Stage 1: Strictly Volunteer
Everything you do is on your own dime. You may be invited to speak at conferences, to appear on TV or radio, or to consult with NHL teams, agents, or media organizations, but none of it is paid - not even your expenses. Even your writing is unpaid, or has bare minimum compensation (i.e. 2 cents per word, or less). This stage will cost you money.
Stage 2: Breaking Even
Eventually, many people find ways to pay for their hobby.
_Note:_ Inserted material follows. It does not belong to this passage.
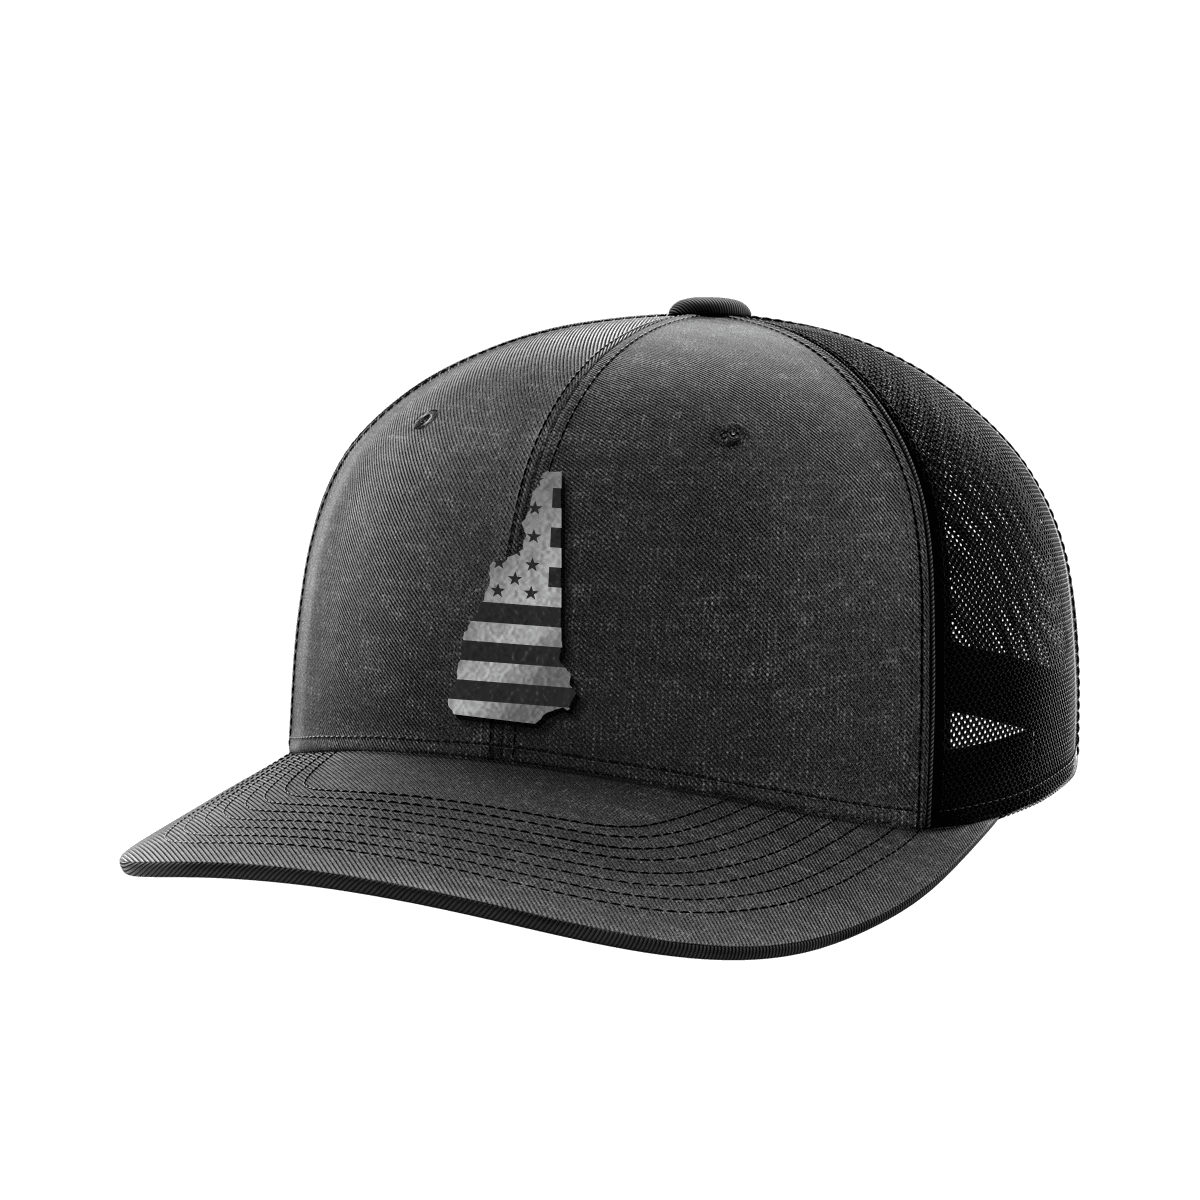 New Hampshire United Hats - Greater Half
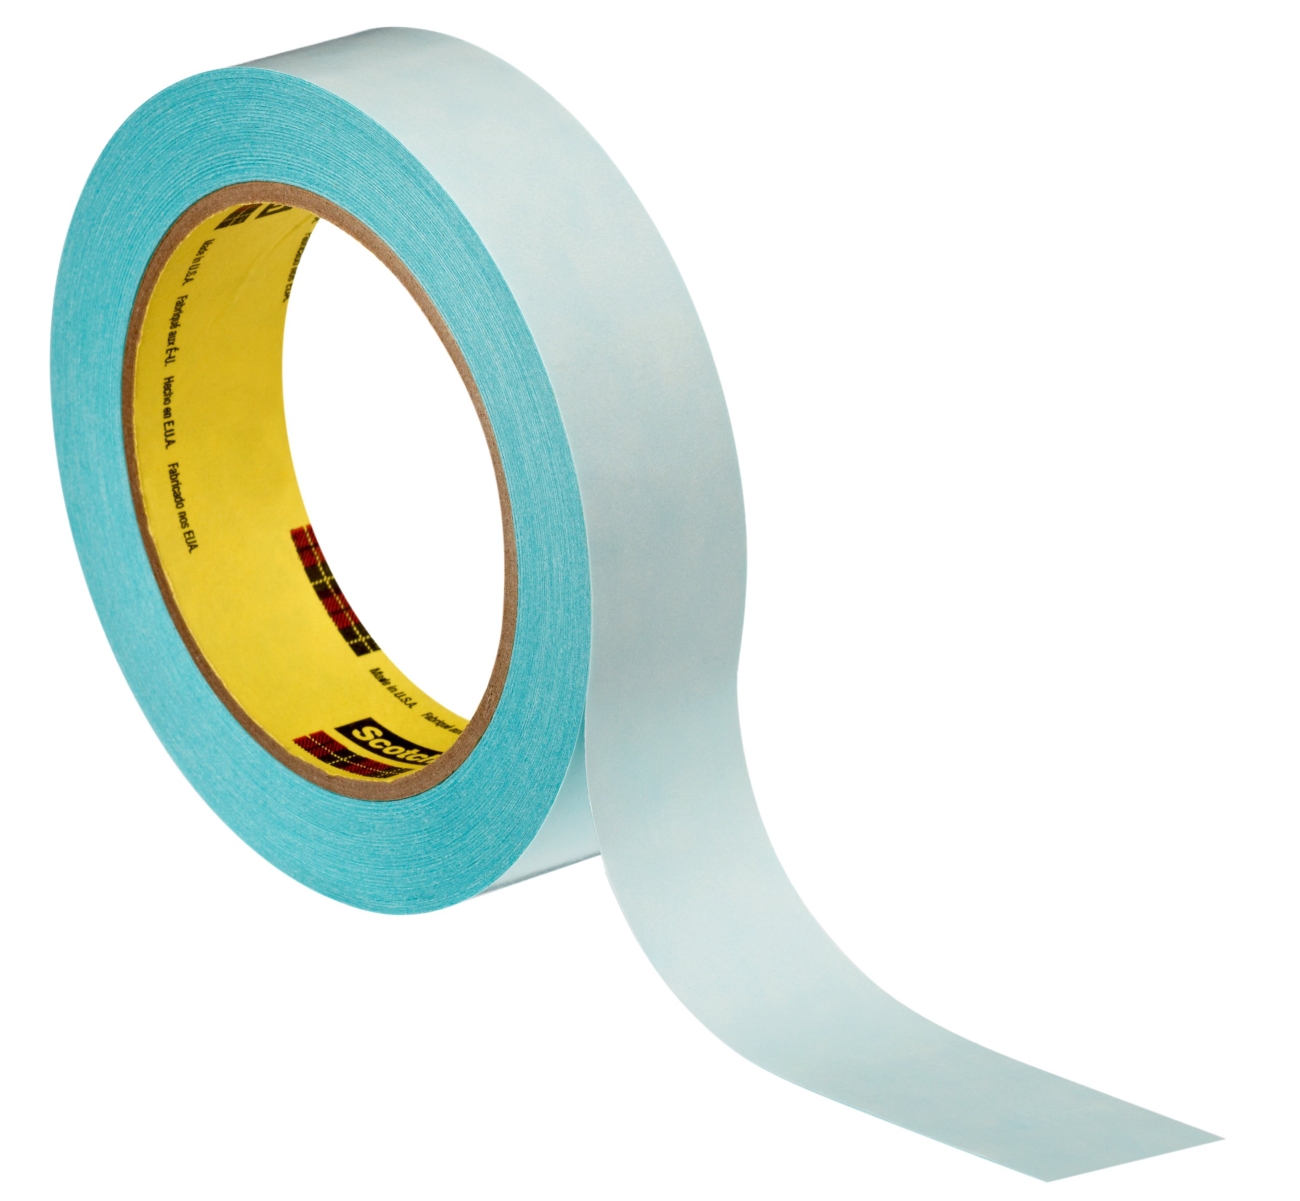 3M Double-sided splicing tape 900, water-dispersible, blue, 50 mm x 50 m, 0.08 mm

Whether it's ad revenue for their own websites, donations and patrons, increased pay for written work, or the sales of a book, product, or a service, this stage is reached when there's enough money coming in to cover expenses, but not enough to quit your day job.
Stage 3: Getting Paid
Ever since the 2014 "summer of analytics," many hobbyists have advanced into stage three, which involves actually getting paid for their work, either in a front office, with mainstream media, a well-funded website, or with a third party consulting company (possibly of their own creation). It is just barely enough to live on, but far less than what they would make in another field.
Stage 4: Career
This stage is reached when some job security has been achieved, either through full-time employment with benefits, or from a regular and guaranteed consulting assignment, at the very least. Furthermore, it's at this stage that the compensation begins to rival what someone with the same skills, experience, and qualifications would earn in another field.
Stage 5: The Boss
Finally, there's the stage where the former hobbyist is in charge, and making the decisions. Now, they're the ones with a budget to work with, and they're the ones selecting hobbyists to move up the lower stages. In essence, it's all part of a cycle.